→ EXERCISE INSTRUCTIONS
Reprint the lines below as they are, minus the pictures.

→ DATASET CONTENT
____________________

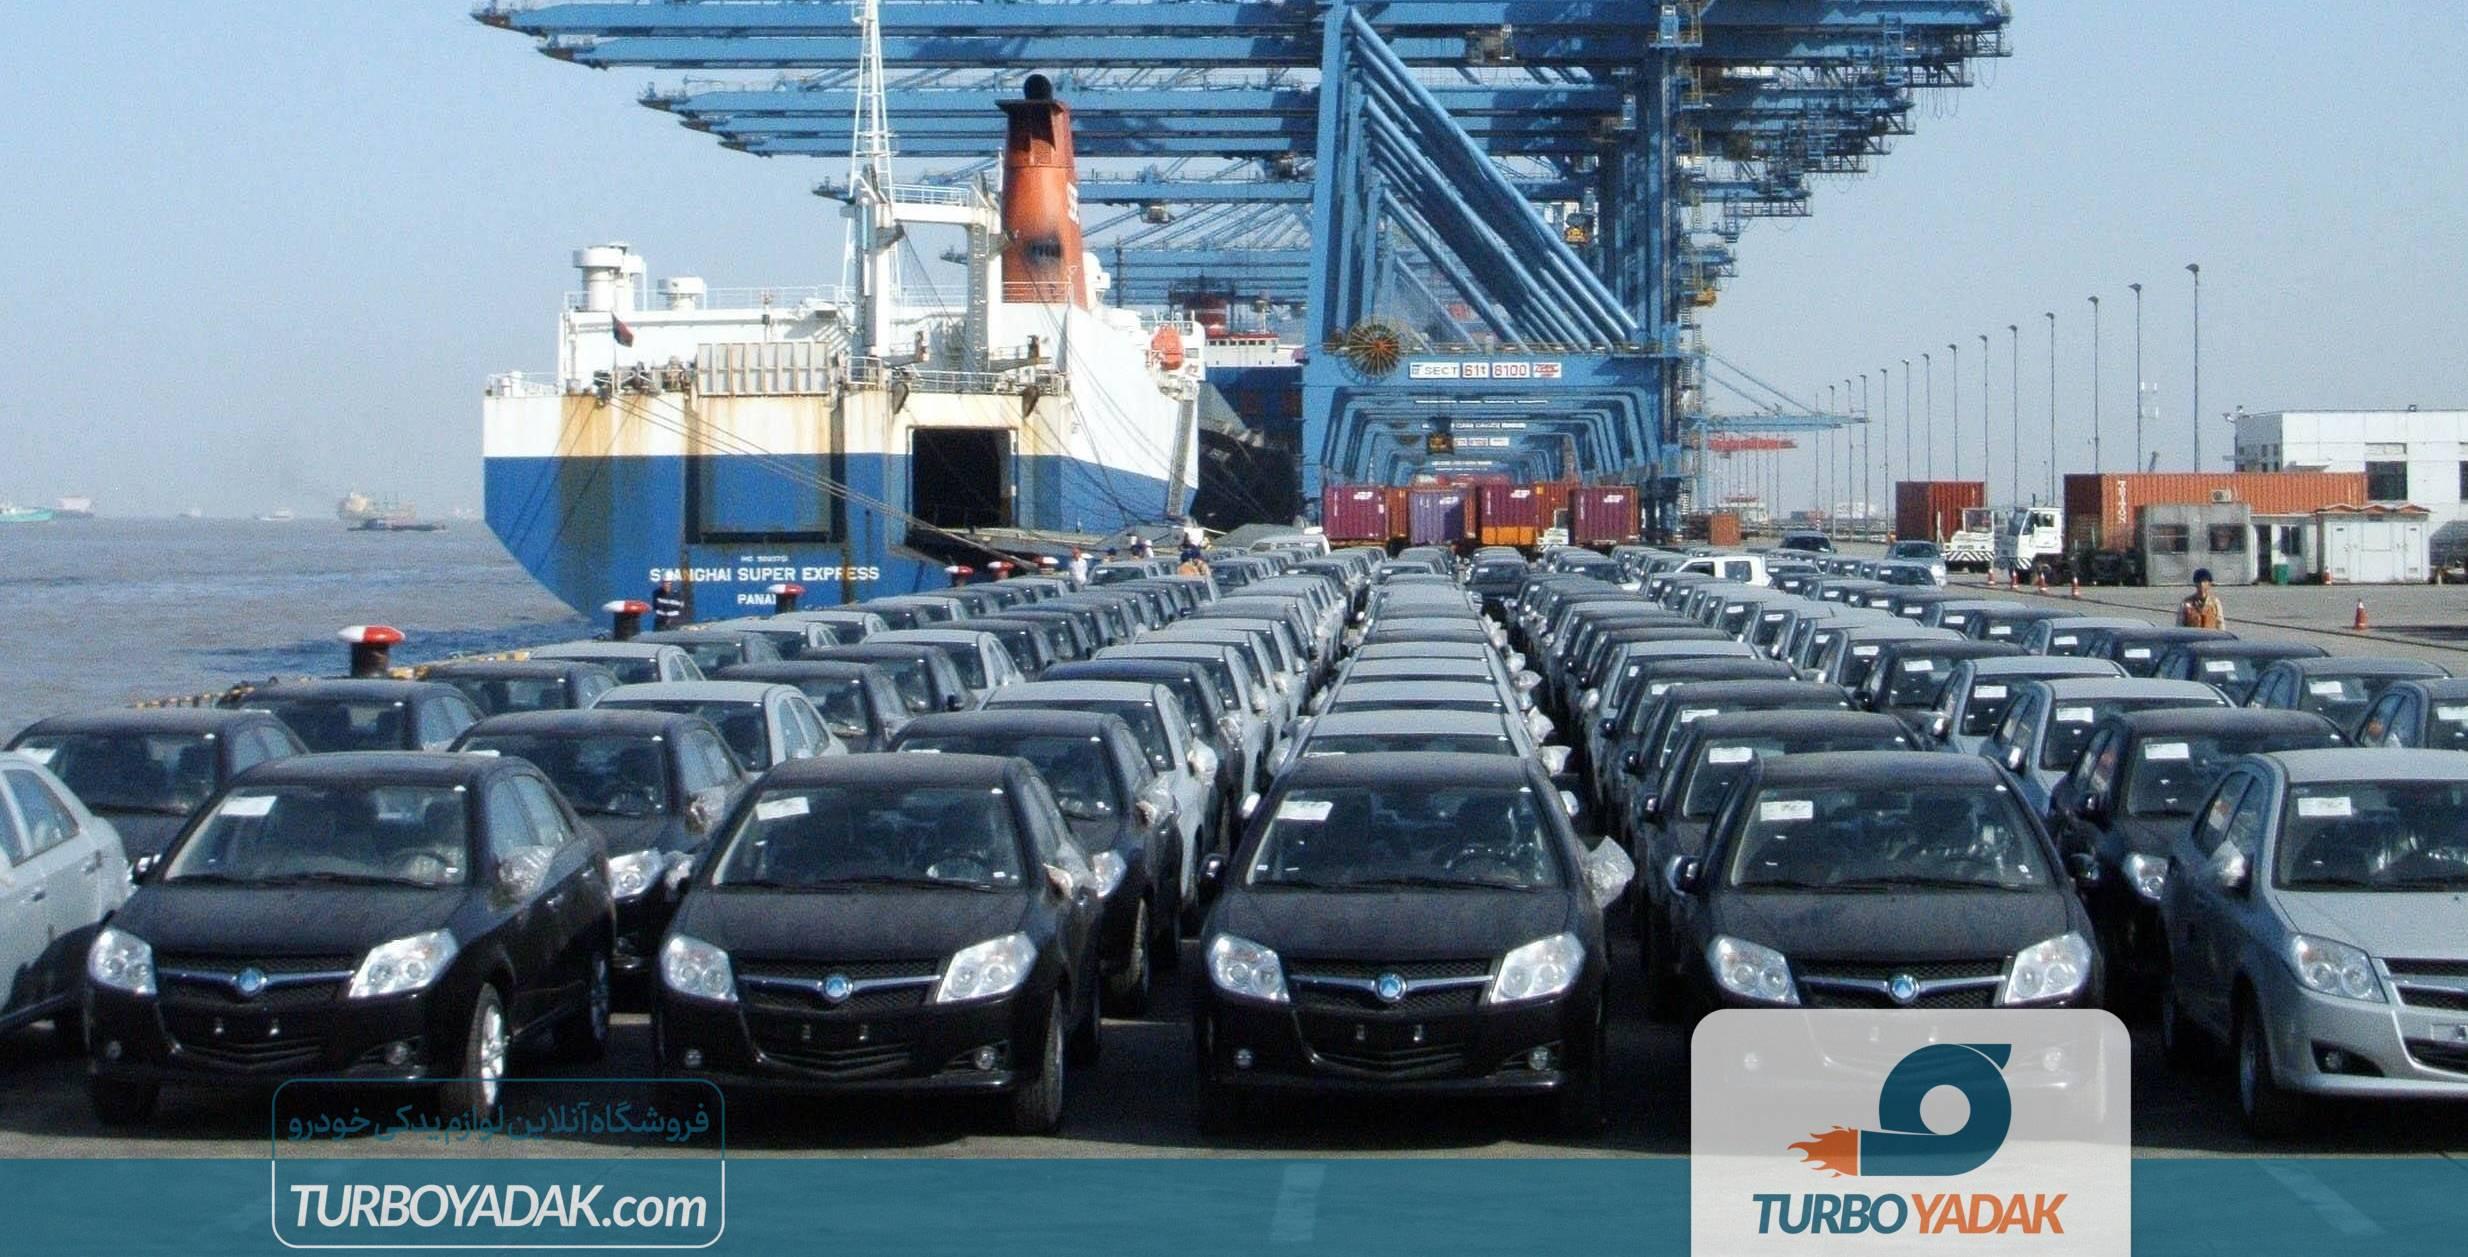 واردات خودرو و زمان مناسب برای خرید خودرو
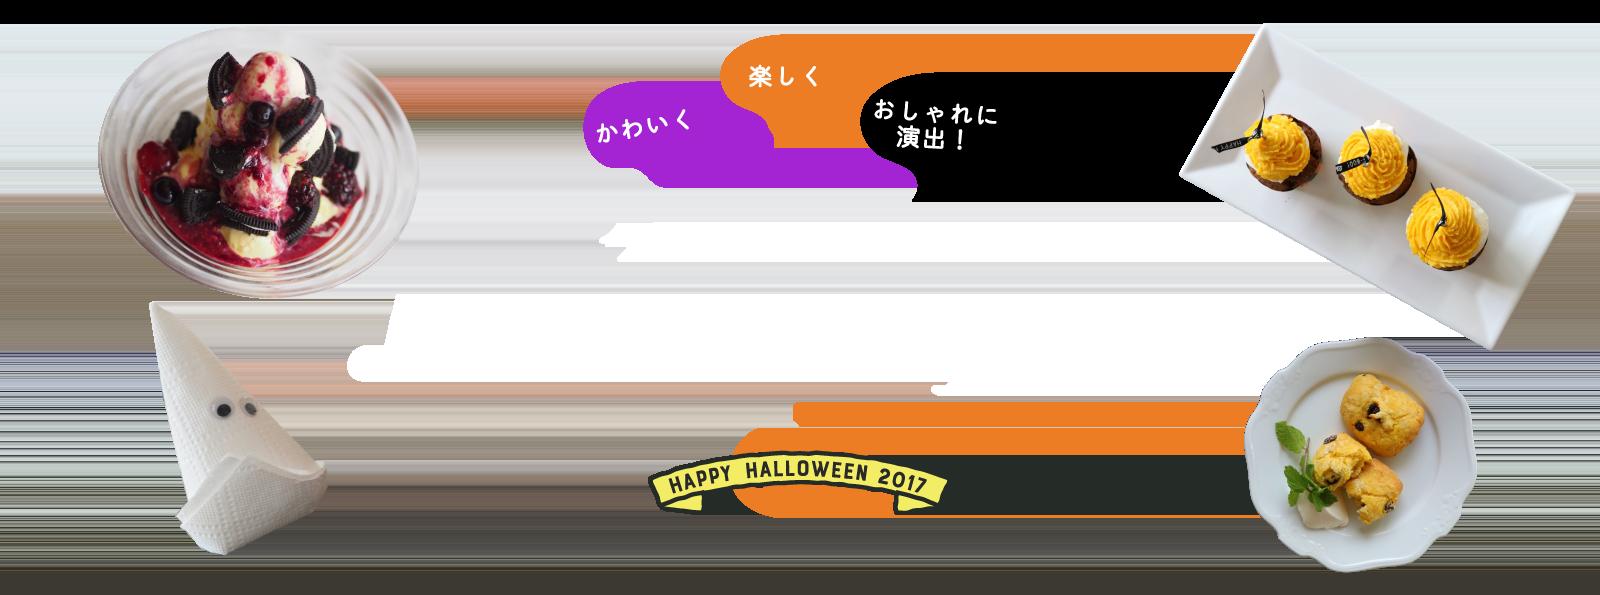 かわいく楽しくおしゃれに演出!今年はどう楽しむ?Happy Halloween recipe
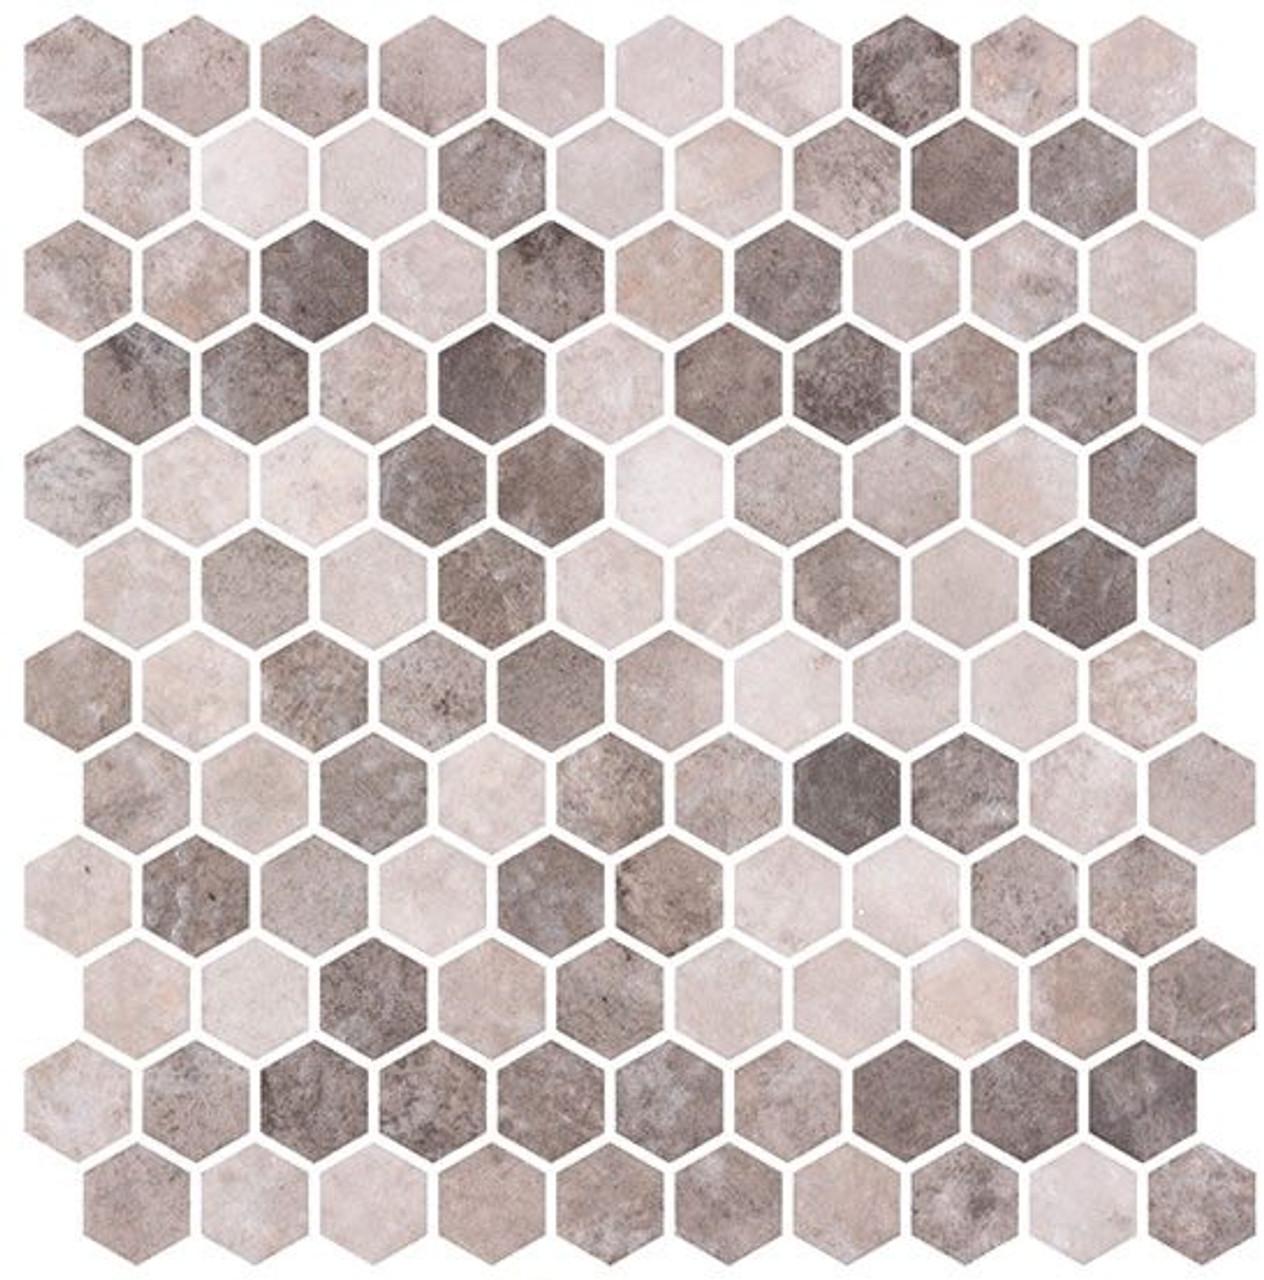 Bella Glass Tiles Karma Ridge Hexagon Mosaic Soothing Intent KR1403
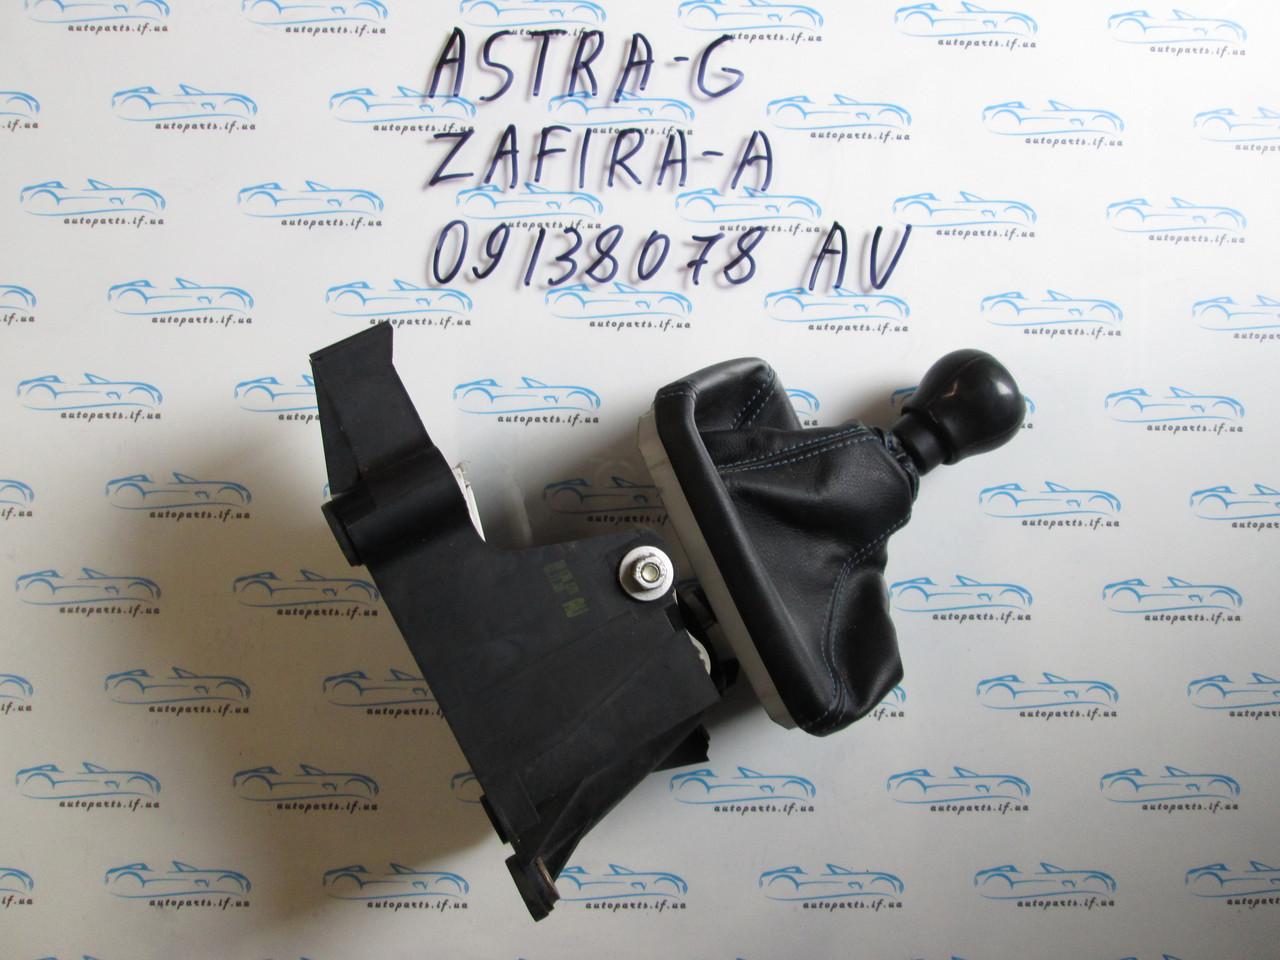 Кулиса, рычаг КПП F23 5ступка Vectra B, Вектра Б 09138078

____________________

→ RESPONSE FOR THIS EXERCISE
 واردات خودرو و زمان مناسب برای خرید خودرو
 かわいく楽しくおしゃれに演出!今年はどう楽しむ?Happy Halloween recipe
 Bella Glass Tiles Karma Ridge Hexagon Mosaic Soothing Intent KR1403
 Кулиса, рычаг КПП F23 5ступка Vectra B, Вектра Б 09138078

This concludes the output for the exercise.